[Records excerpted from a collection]
+ + + + + + +

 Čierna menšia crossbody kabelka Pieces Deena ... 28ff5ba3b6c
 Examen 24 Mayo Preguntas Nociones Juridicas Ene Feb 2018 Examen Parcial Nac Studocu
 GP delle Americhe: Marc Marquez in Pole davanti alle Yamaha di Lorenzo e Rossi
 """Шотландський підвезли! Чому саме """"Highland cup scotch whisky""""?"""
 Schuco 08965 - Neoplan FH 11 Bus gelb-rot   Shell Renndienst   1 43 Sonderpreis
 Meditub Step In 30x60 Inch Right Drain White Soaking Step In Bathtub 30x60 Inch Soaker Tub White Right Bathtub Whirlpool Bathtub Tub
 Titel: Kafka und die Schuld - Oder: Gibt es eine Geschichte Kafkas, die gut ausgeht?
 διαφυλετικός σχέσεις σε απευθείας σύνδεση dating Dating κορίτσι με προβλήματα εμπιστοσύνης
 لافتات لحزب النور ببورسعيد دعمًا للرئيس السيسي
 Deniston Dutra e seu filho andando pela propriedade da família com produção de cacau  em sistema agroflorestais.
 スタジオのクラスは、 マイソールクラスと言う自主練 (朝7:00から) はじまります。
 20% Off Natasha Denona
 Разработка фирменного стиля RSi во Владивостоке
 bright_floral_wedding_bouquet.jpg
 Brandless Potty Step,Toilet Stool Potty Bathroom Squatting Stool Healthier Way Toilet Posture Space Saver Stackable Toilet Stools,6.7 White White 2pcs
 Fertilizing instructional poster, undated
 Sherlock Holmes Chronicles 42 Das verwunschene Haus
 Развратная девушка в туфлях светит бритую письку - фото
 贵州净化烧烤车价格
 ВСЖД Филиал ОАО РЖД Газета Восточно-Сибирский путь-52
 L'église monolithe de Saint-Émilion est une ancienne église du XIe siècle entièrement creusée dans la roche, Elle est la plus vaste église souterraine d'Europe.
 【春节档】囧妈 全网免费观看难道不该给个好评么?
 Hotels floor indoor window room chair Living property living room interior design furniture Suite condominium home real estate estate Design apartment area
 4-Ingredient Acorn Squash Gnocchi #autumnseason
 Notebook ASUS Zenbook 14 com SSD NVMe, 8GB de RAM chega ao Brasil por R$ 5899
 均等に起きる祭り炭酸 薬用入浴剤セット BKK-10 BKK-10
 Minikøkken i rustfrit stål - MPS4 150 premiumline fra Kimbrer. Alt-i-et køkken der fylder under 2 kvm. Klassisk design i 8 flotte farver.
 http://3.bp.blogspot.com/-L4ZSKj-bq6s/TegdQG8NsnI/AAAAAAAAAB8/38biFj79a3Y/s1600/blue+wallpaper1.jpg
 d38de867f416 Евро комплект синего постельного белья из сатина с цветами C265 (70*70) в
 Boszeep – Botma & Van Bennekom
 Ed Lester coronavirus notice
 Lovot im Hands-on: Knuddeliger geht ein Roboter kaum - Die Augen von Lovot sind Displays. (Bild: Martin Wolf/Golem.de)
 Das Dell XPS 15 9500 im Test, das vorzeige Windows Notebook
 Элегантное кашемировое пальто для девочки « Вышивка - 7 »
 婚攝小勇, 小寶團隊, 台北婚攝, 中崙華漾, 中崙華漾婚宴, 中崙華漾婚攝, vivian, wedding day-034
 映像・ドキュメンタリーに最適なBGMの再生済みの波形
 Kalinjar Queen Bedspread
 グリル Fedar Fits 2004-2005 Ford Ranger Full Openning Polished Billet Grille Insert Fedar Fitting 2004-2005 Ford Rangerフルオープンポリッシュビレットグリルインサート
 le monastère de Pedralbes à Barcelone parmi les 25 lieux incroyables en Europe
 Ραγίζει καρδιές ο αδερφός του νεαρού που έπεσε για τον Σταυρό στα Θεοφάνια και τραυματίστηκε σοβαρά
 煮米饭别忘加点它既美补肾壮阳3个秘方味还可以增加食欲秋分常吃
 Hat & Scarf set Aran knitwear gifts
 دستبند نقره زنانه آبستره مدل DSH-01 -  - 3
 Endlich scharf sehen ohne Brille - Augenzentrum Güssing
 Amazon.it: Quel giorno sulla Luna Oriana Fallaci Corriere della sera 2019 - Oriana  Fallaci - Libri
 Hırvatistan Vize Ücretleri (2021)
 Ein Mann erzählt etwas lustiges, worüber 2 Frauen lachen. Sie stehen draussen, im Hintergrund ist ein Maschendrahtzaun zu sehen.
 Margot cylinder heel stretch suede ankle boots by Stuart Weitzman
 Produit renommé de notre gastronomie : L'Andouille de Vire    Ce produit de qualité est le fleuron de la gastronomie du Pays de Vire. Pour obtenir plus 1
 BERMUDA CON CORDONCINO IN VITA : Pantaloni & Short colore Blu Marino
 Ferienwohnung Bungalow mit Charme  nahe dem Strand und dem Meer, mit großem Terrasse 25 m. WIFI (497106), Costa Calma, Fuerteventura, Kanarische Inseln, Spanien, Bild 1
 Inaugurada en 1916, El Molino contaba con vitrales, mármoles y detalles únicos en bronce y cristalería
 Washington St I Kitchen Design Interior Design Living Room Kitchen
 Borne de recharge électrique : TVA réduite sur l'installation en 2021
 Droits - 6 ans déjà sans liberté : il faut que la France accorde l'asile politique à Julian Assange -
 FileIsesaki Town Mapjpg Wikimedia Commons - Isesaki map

+ + + + + + +

## BRIEF
Copy, exactly and only, the lines above that begin with the one containing "لافتات لحزب النور" and finish with the one containing "Brandless Potty Step,Toilet".

## RESULT
 لافتات لحزب النور ببورسعيد دعمًا للرئيس السيسي
 Deniston Dutra e seu filho andando pela propriedade da família com produção de cacau  em sistema agroflorestais.
 スタジオのクラスは、 マイソールクラスと言う自主練 (朝7:00から) はじまります。
 20% Off Natasha Denona
 Разработка фирменного стиля RSi во Владивостоке
 bright_floral_wedding_bouquet.jpg
 Brandless Potty Step,Toilet Stool Potty Bathroom Squatting Stool Healthier Way Toilet Posture Space Saver Stackable Toilet Stools,6.7 White White 2pcs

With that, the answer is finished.